Do note that performance of the naive version is much better with Julia 0.7 because of optimizations for small unions of bitstypes:

ABSTRACT COLLECTION
  8.286 ms (0 allocations: 0 bytes)
CONCRETE COLLECTION
  1.038 ms (0 allocations: 0 bytes)

but you’re still giving up quite a bit in this case, probably due to simd.
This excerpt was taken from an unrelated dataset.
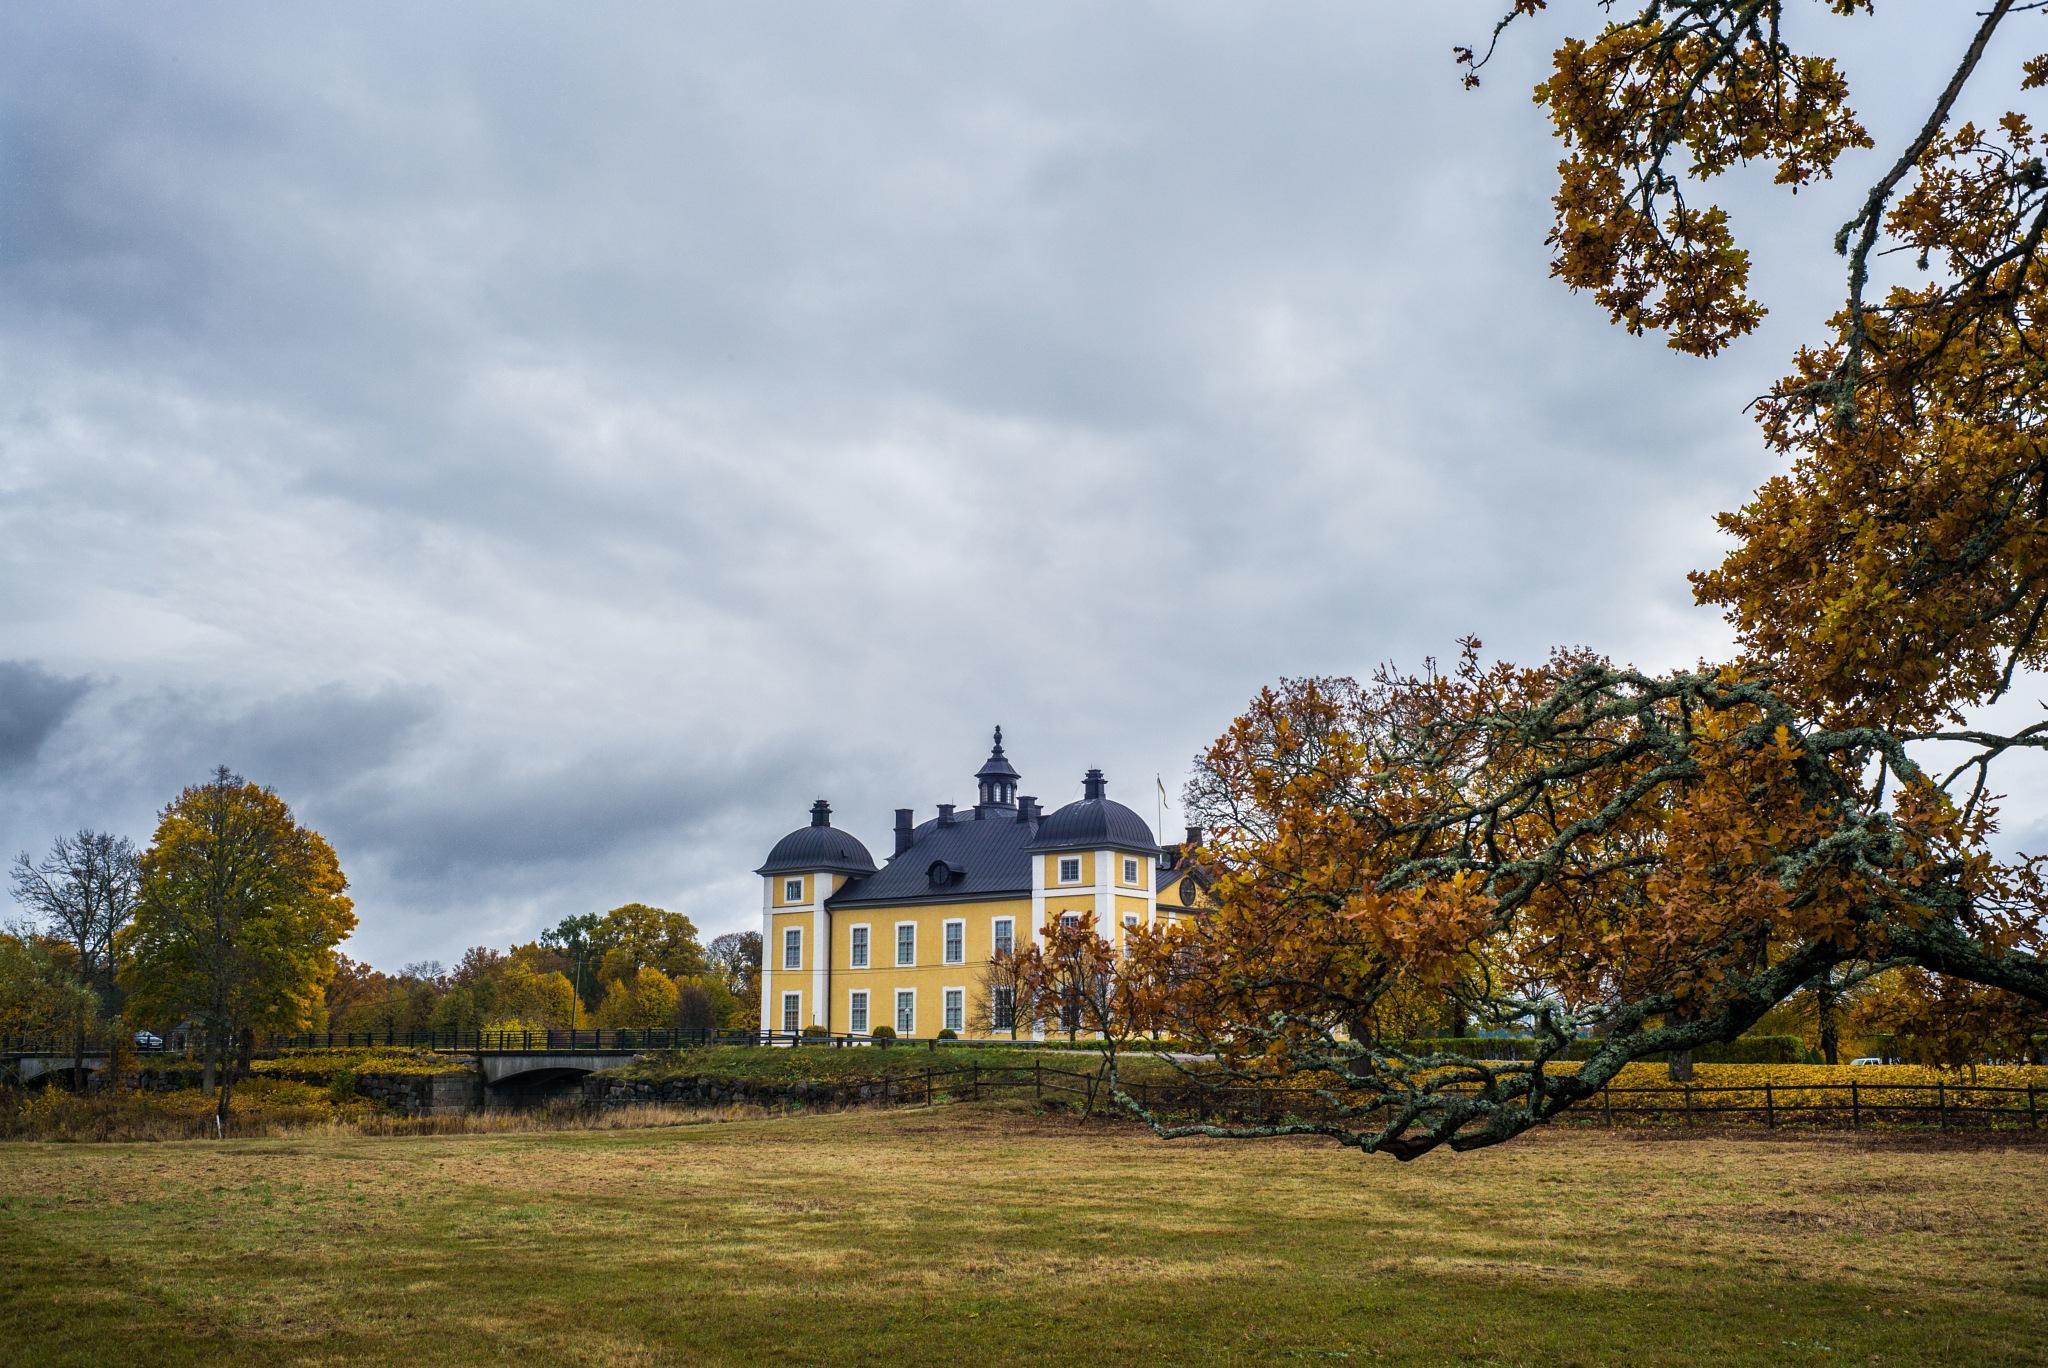 strömsholm castle, Sweden by hutchst

Edit: TypeSortedCollections on Julia 9965e7cab1b599da00f493fc0481ef7eadd29a52 for good measure (currently broken on latest master due to https://github.com/JuliaLang/julia/issues/27871):

julia> tsc = TypeSortedCollection(createabstractcollection());

julia> @btime mapreduce(value, +, 0, $tsc)
  1.047 ms (0 allocations: 0 bytes)

#8

Thank you all for your suggestions. @tkoolen, Indeed TypeSortedCollections.jl seems to be a very good solution if the array isn’t updated often. If I understood correctly, I need to build a new TypeSortedCollection each time it gets updated before I loop on it, which is time consuming.


#9

Well, there are push! and append! methods to modify an existing TypeSortedCollection, but the concrete types that are accepted must be specified by the user or automatically determined from an input collection when the TypeSortedCollection is constructed. I.e., you could also do:

using TypeSortedCollections
tsc = TypeSortedCollection{Tuple{Vector{A}, Vector{B}, Vector{C}}}()
append!(tsc, createabstractcollection())
push!(tsc, A(14, 8.0))

If you want to add a value that has a new type, then you do need to construct a new TypeSortedCollection that also supports that type.


#10

Thank you very much. I will now go and read more the details of the package to use it properly.